(Stored dataset items)
◆ ◆ ◆ ◆

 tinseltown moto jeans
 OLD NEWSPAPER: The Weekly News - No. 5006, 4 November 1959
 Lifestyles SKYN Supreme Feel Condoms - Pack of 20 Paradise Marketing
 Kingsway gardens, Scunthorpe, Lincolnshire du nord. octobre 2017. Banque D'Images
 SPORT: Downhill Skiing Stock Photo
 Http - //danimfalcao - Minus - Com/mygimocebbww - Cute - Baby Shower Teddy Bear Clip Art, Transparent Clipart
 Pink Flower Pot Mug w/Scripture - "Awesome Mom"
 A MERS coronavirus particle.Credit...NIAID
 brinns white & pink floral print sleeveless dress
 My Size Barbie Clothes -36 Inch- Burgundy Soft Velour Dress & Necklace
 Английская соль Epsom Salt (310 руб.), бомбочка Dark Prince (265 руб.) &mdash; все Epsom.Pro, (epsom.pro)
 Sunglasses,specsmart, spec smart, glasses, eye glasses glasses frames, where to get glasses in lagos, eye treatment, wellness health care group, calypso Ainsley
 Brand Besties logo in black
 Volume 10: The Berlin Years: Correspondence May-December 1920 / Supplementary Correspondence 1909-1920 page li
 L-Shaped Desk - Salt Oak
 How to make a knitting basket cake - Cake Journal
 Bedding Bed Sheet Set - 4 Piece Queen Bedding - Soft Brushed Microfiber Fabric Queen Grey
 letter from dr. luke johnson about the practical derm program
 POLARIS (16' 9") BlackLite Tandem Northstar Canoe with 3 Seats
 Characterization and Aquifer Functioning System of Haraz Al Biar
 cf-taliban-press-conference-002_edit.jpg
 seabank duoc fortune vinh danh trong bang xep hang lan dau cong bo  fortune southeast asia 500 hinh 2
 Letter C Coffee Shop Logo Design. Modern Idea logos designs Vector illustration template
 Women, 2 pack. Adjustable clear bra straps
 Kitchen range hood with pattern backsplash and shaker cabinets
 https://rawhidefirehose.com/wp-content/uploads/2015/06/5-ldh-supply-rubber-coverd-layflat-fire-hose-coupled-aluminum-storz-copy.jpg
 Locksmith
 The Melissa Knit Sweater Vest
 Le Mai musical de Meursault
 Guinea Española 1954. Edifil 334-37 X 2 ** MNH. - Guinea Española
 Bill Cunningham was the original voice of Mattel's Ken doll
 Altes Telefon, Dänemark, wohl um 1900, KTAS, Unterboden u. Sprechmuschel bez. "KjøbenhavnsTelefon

◆ ◆ ◆ ◆

### ABOUT THIS EXERCISE
Give back, exactly as written, the stretch from the line with "Lifestyles SKYN Supreme" through the line with "My Size Barbie", and no other lines from the records above.

### REPLY TO THE EXERCISE
 Lifestyles SKYN Supreme Feel Condoms - Pack of 20 Paradise Marketing
 Kingsway gardens, Scunthorpe, Lincolnshire du nord. octobre 2017. Banque D'Images
 SPORT: Downhill Skiing Stock Photo
 Http - //danimfalcao - Minus - Com/mygimocebbww - Cute - Baby Shower Teddy Bear Clip Art, Transparent Clipart
 Pink Flower Pot Mug w/Scripture - "Awesome Mom"
 A MERS coronavirus particle.Credit...NIAID
 brinns white & pink floral print sleeveless dress
 My Size Barbie Clothes -36 Inch- Burgundy Soft Velour Dress & Necklace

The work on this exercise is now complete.